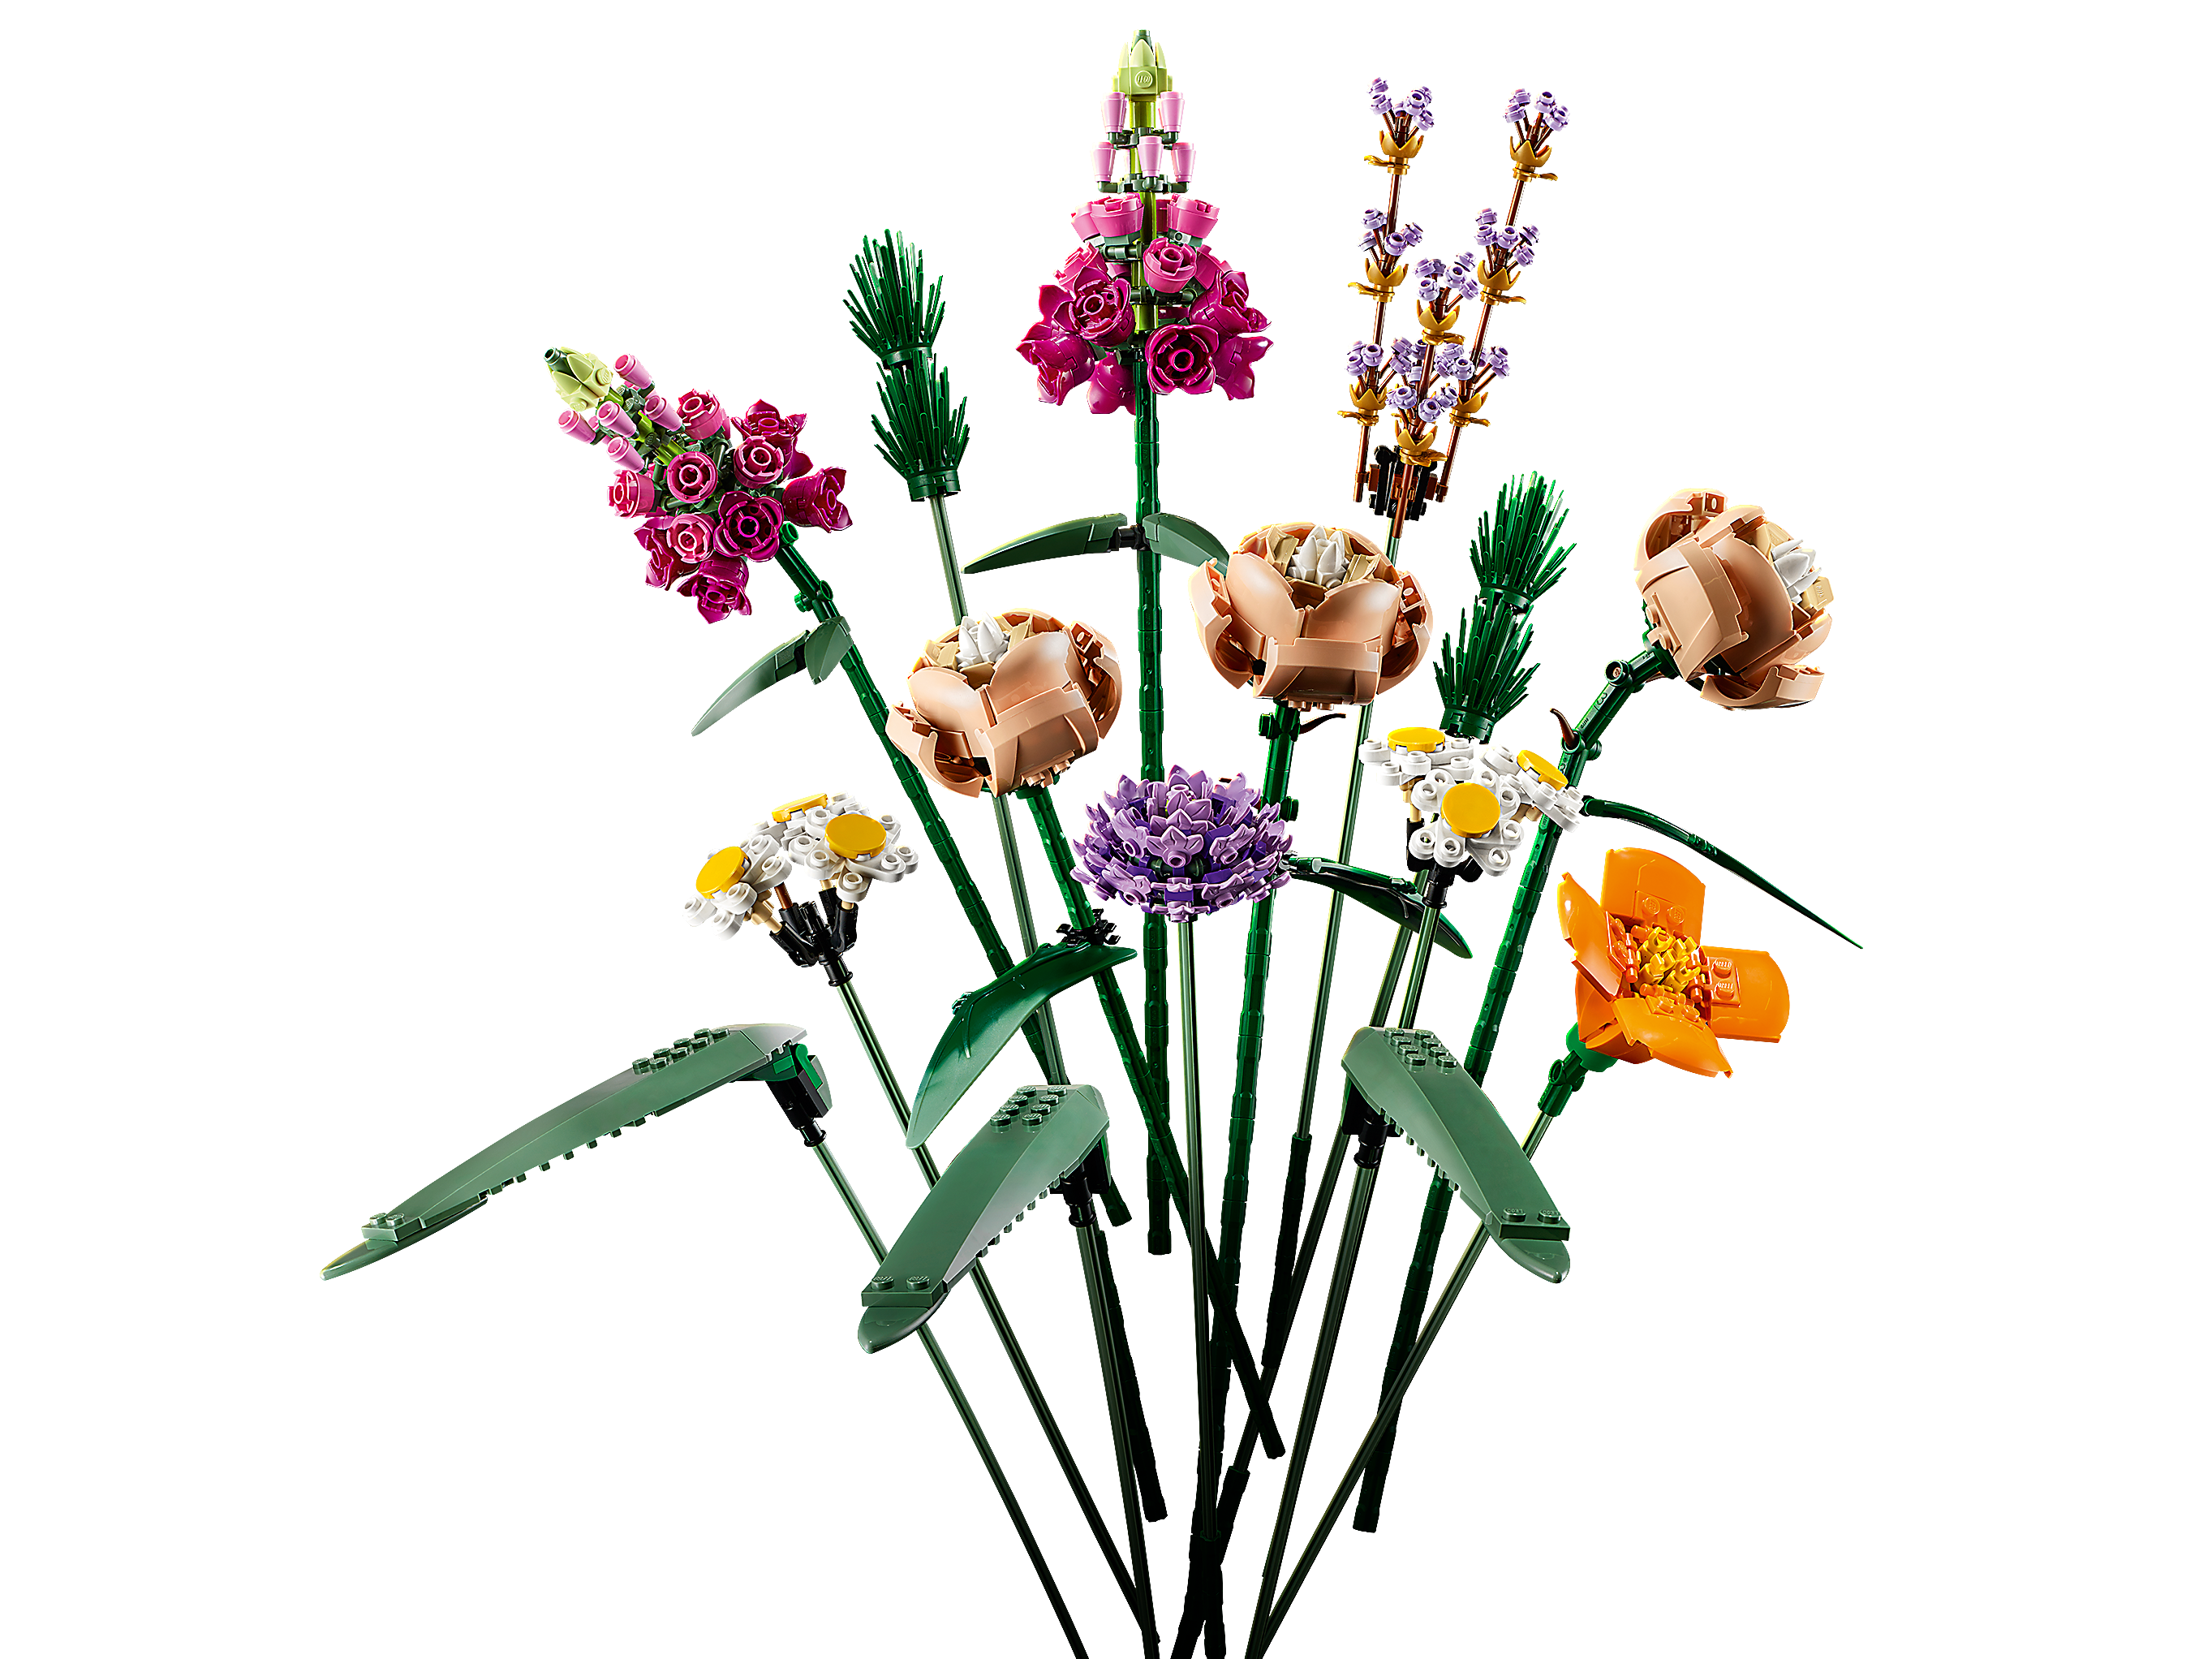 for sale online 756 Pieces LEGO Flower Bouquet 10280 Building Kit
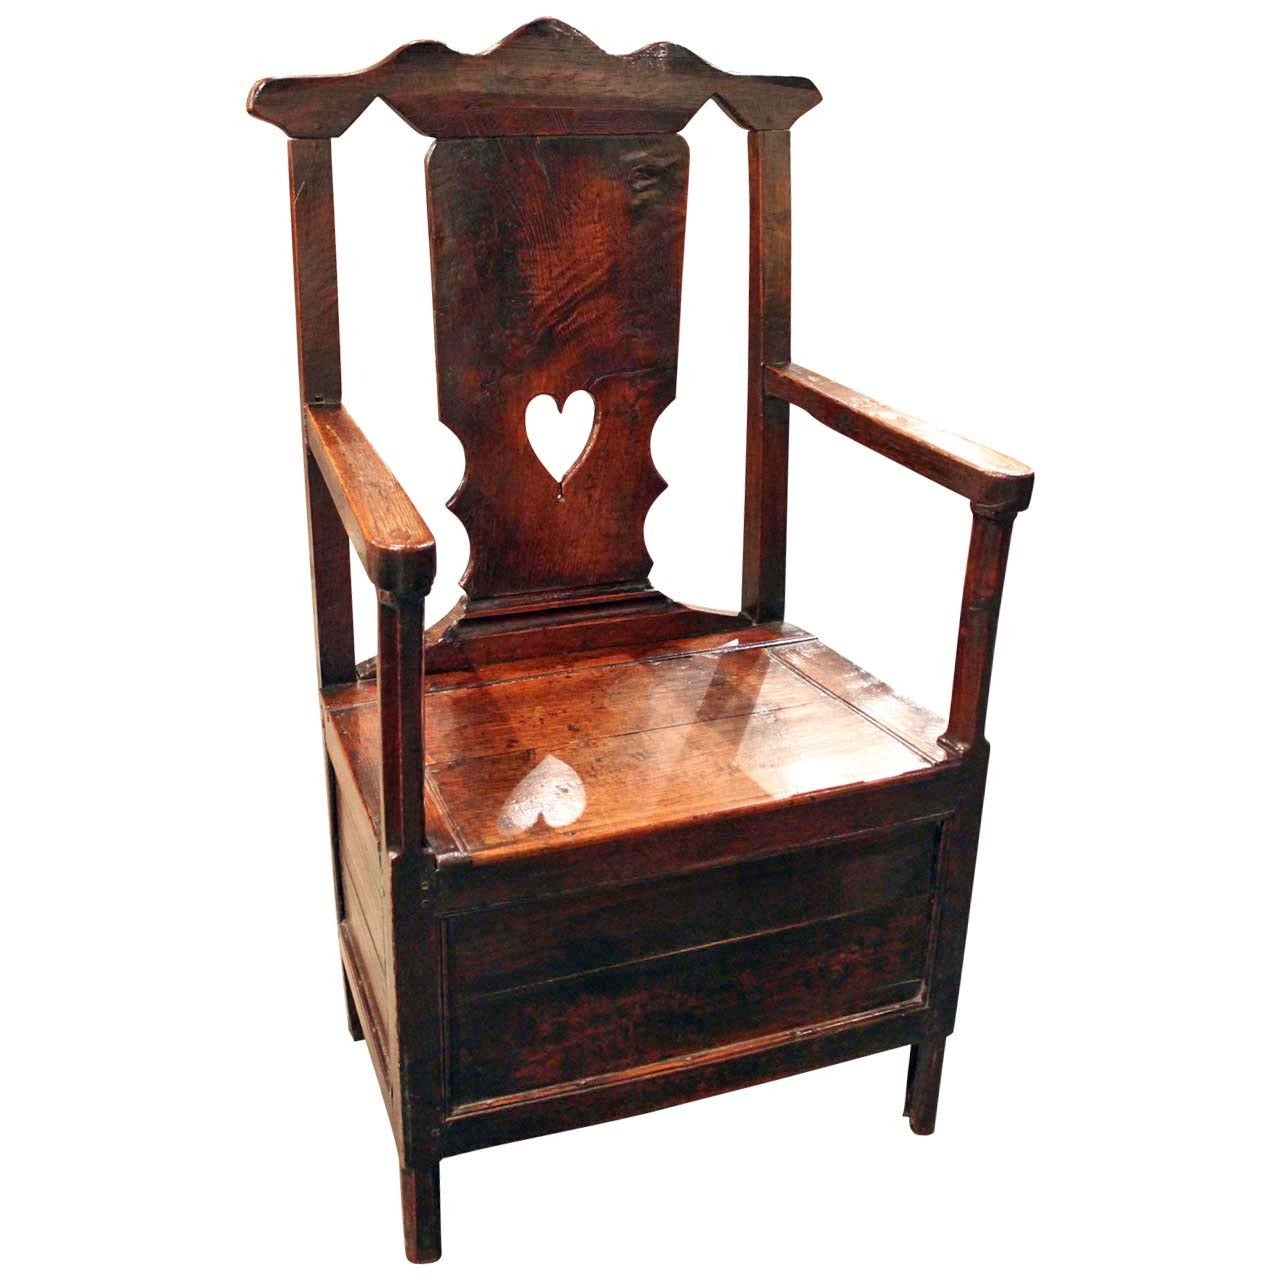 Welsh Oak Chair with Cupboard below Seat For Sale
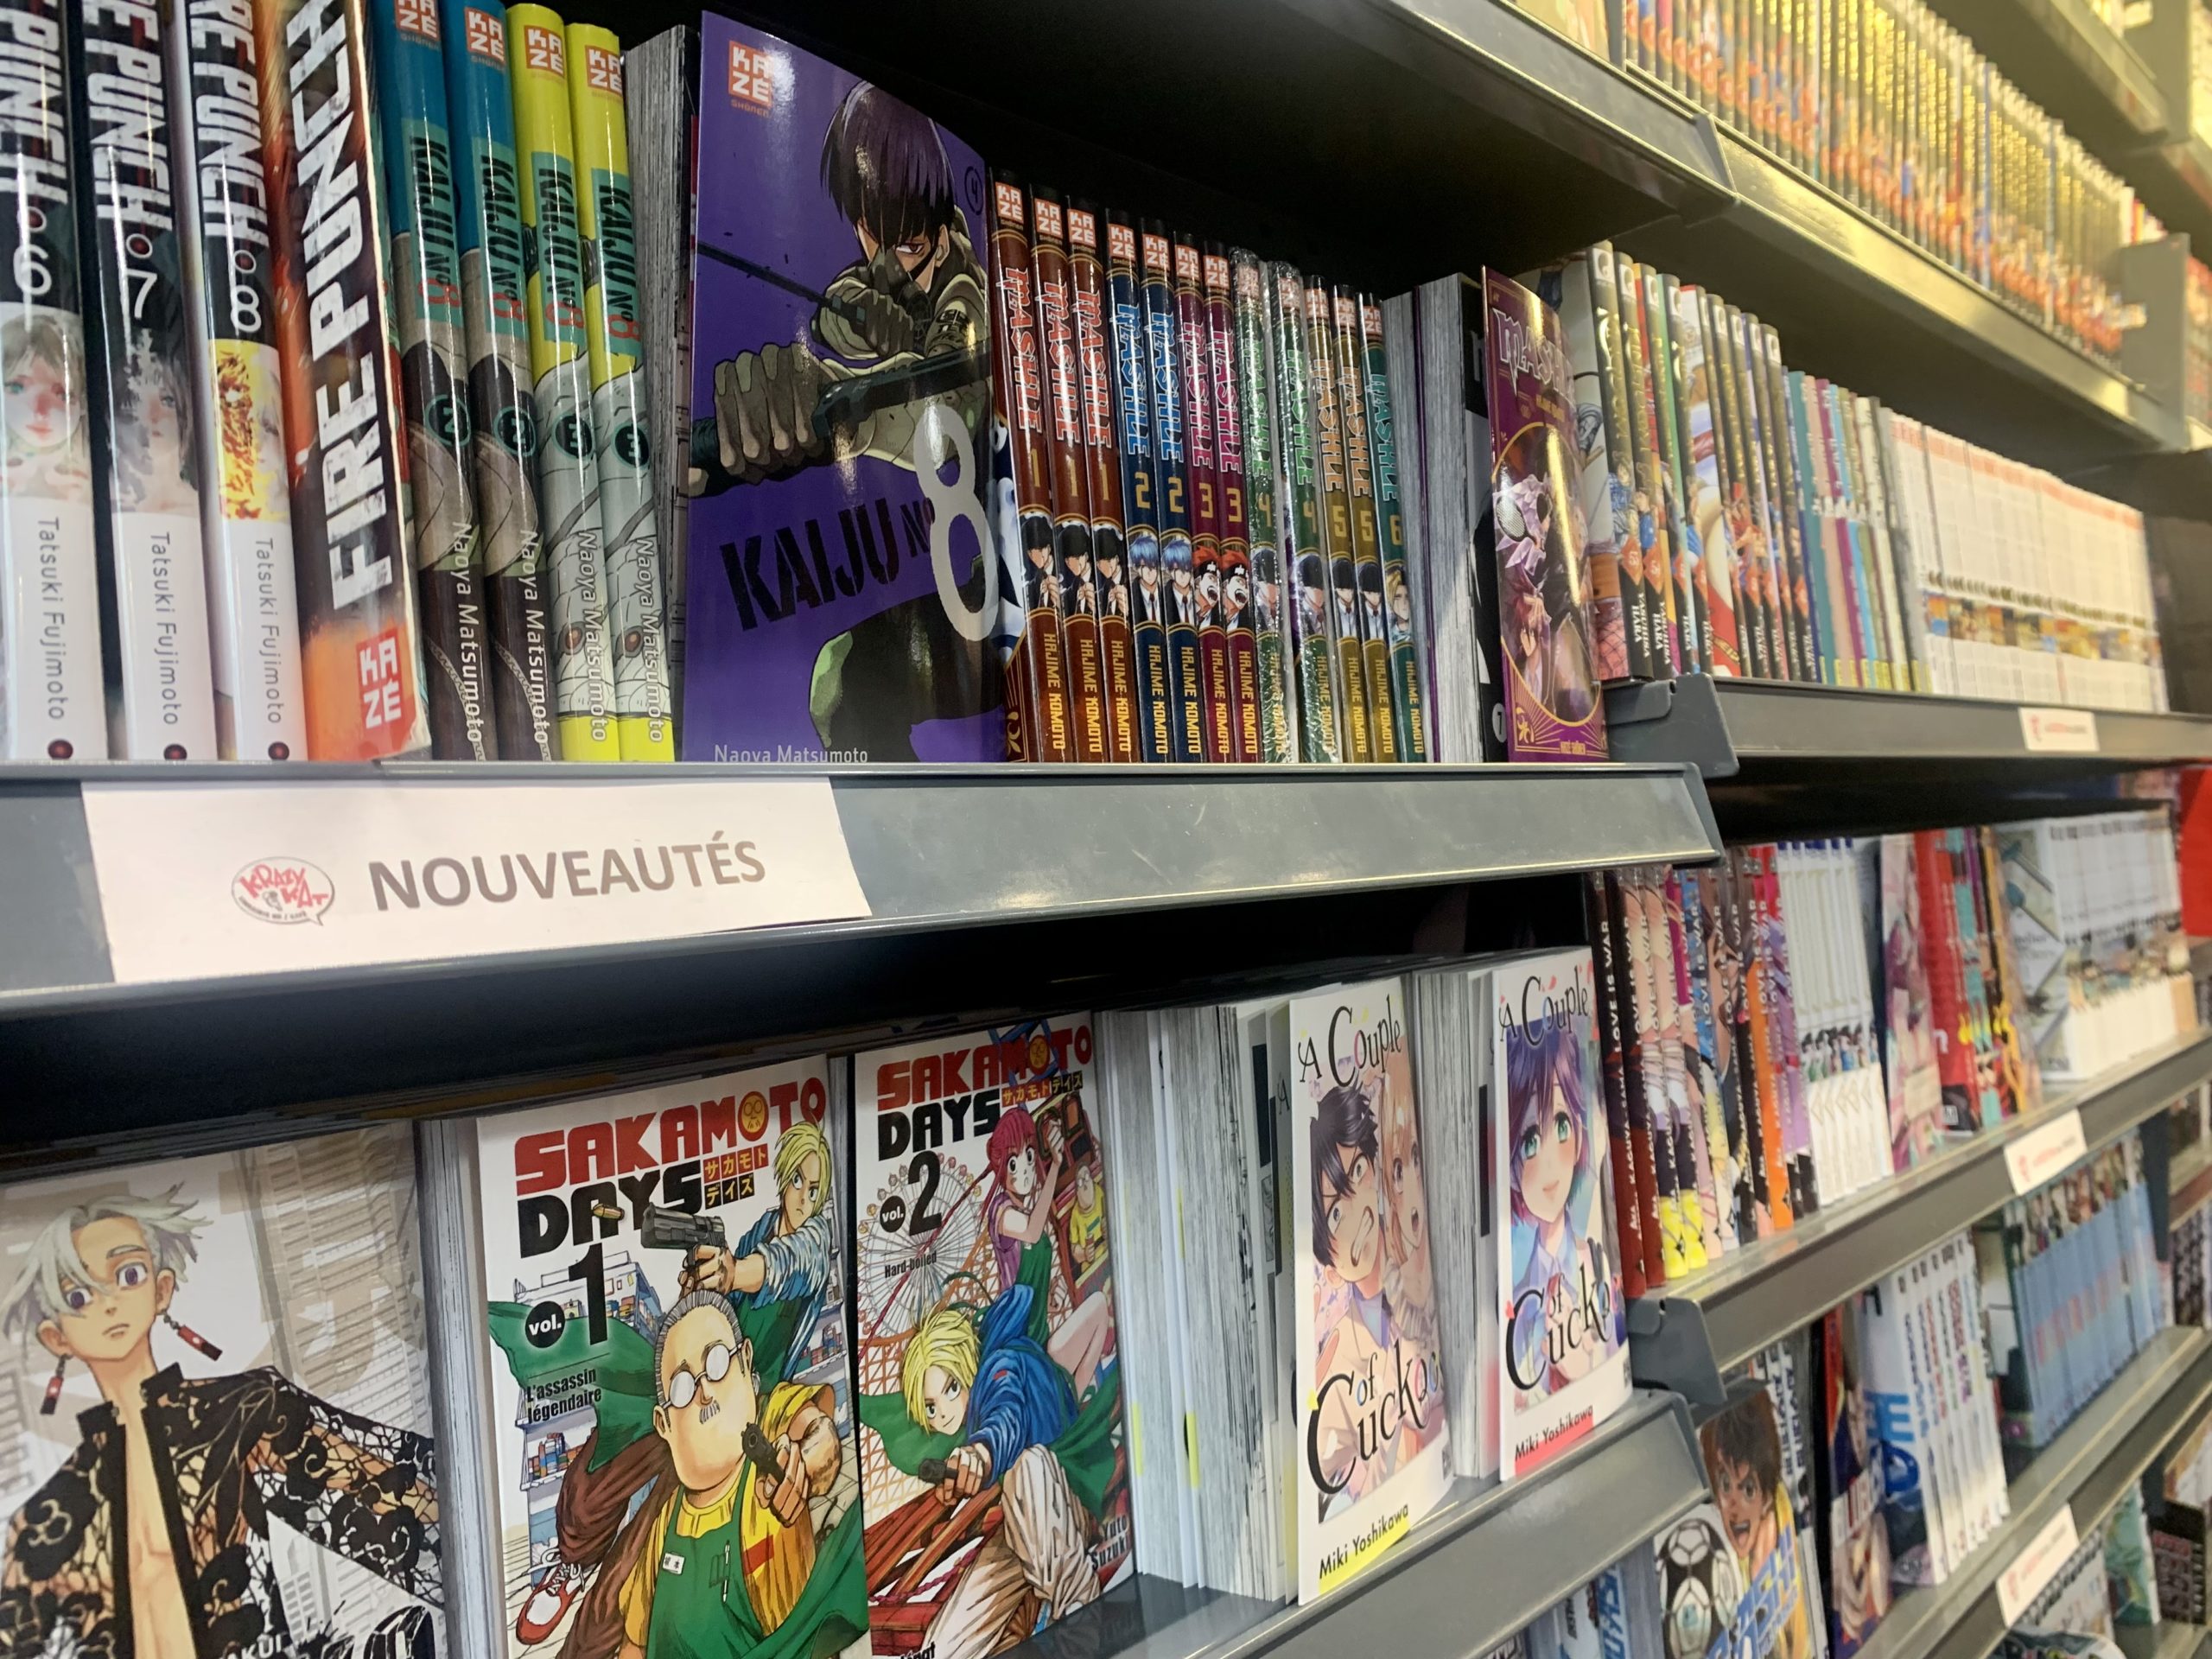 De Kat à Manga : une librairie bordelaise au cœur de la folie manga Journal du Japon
---+---
→ PROMPT: Strip the images and return the remaining data exactly.

→ SOLUTION BELOW:
 for sale online 756 Pieces LEGO Flower Bouquet 10280 Building Kit
 Welsh Oak Chair with Cupboard below Seat For Sale
 De Kat à Manga : une librairie bordelaise au cœur de la folie manga Journal du Japon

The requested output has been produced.